3) Perhaps it was foolish of me to even think this in the first place. But I've struggled with my identity so much on this program and in life, and I've felt rejected by people that I consider peers, and perhaps I was just hoping that the land itself would accept me in a way that would mitigate all of the turned backs and disbelieving glares. Maybe I was attempting to misplace a burden on a continent that I instead will have to deal with personally and internally. And maybe it's like going to Toronto when you have Aztec ancestors and expecting to feel connected to the location. I guess I won't really know until I get to know South Africa and until I get the opportunity to travel to West Africa.

So, as I'm dealing with all of this psychological and emotional trauma, our director is chattering away, taking us up to a mountain to go on a short "walk" and listen to a half-hour talk about the city in the windy, dreary weather.

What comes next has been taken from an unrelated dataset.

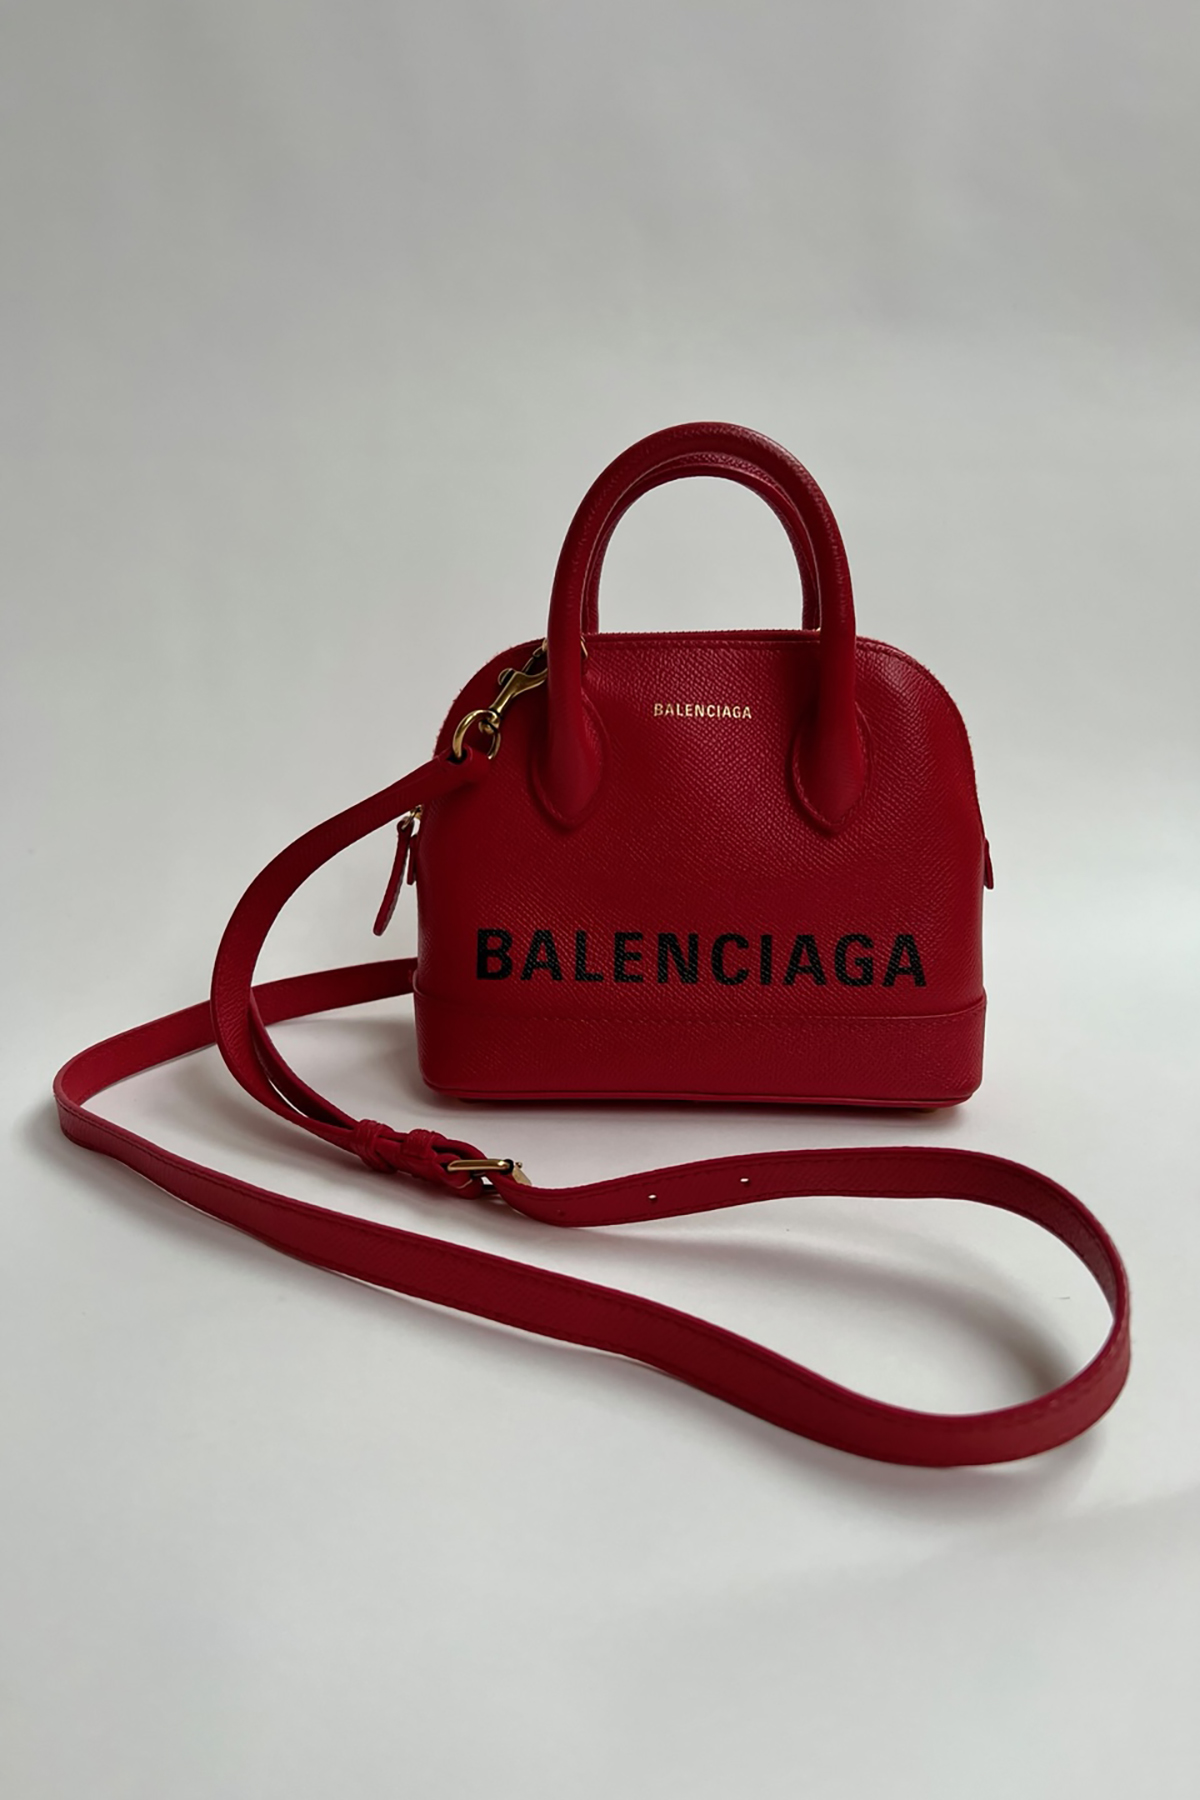 Balenciaga Bag - Red With Dustbag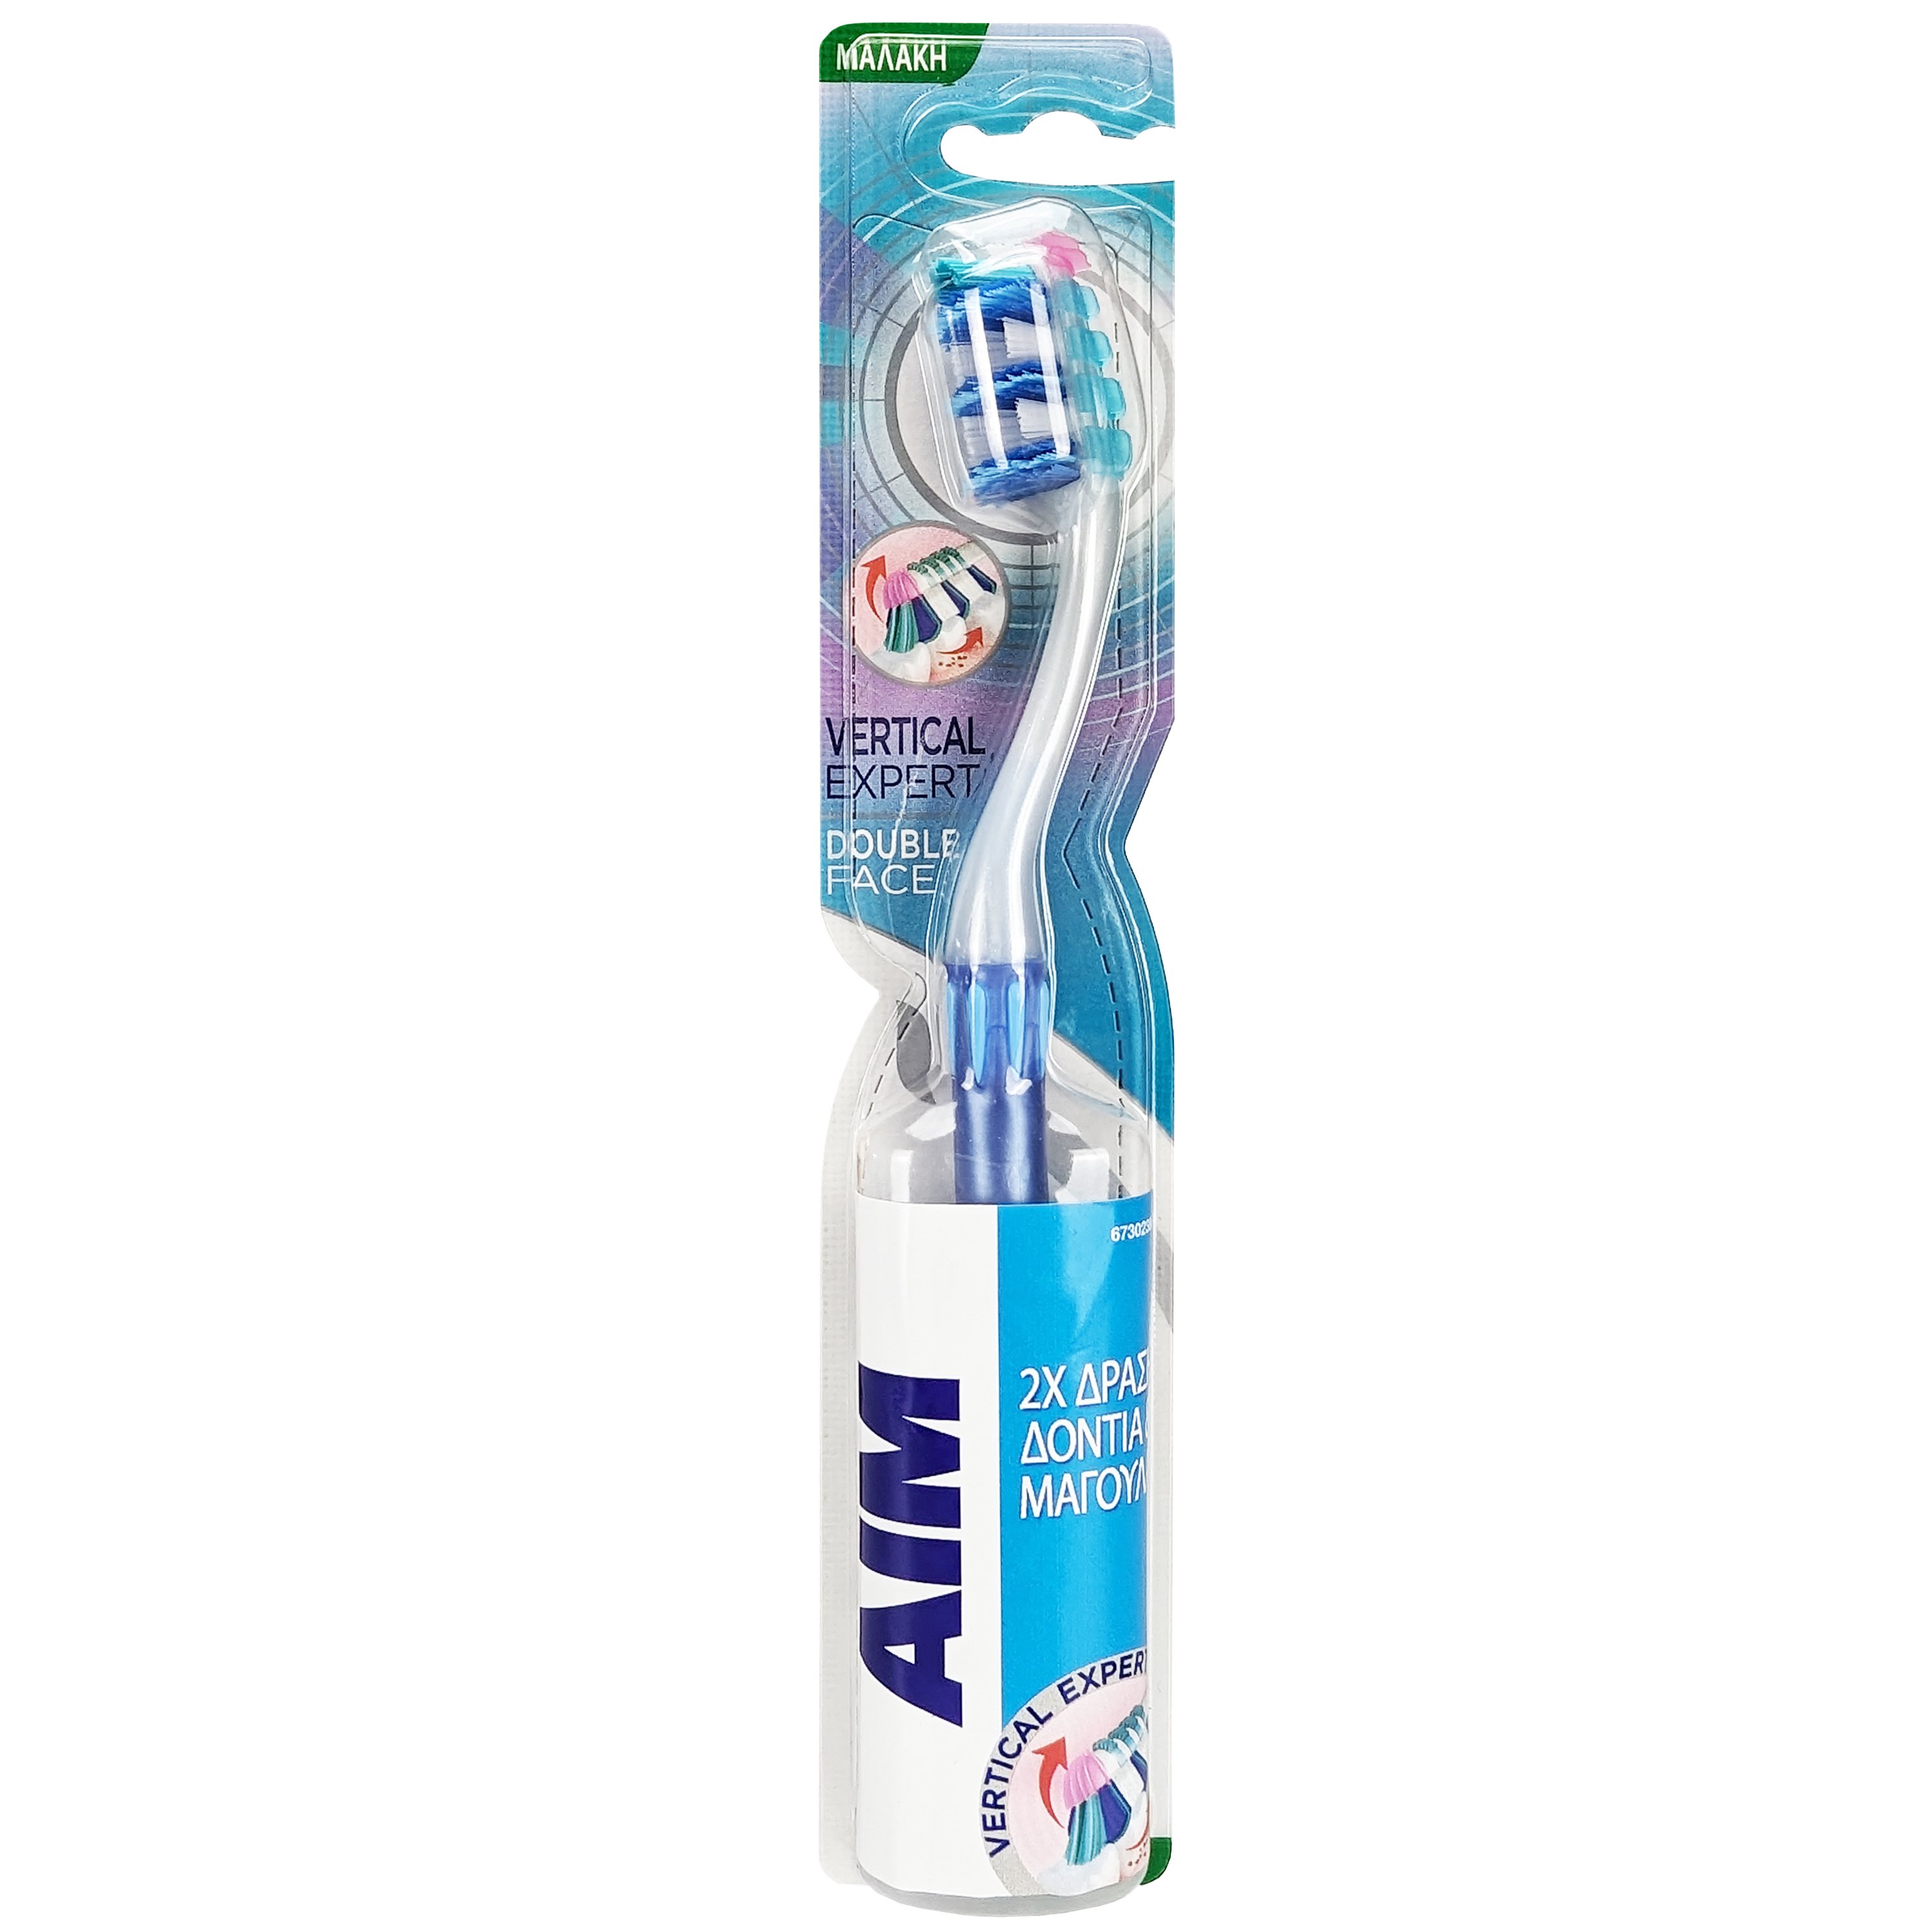 Aim Vertical Expert Double Face Soft Toothbrush Μαλακή Οδοντόβουρτσα με Θυσάνους σε Σχήμα Βεντάλιας για Καθαρισμό των Μεσοδόντιων Διαστημάτων 1 Τεμάχιο – Μπλε

We were absolutely not having it, to be honest.

But not to worry!!! We got TWO WHOLE HOURS to rest before our hour-long safety talk and twenty-minute dinner that was--wait for it--Indian food.

I can't even talk about it.

In every other country, we've been given at least a day to recover from jetlag and culture shock, and in some cases, three days go by before our first class. But not here. We have NINE HOURS of class tomorrow before moving into our first homestay. 

I feel like I'm gonna vomit. No, actually. I'm so tired that it's turned into nausea and I think I may pass out. Hopefully I don't roll off my top bunk...

Anyway. I'm looking forward to getting to know the city, and I'm hoping that my feelings of disappointment and lethargy are simply symptoms of my insane need to get to sleep.

If I go to sleep at this minute, Ill get about nine hours--so, I'm gonna conk out. 

Good night friends.

With love, from South Africa,
Aubs

PS--I will have extremely limited WiFi here most likely, so posts may have to come in weekly clumps of three to four posts!!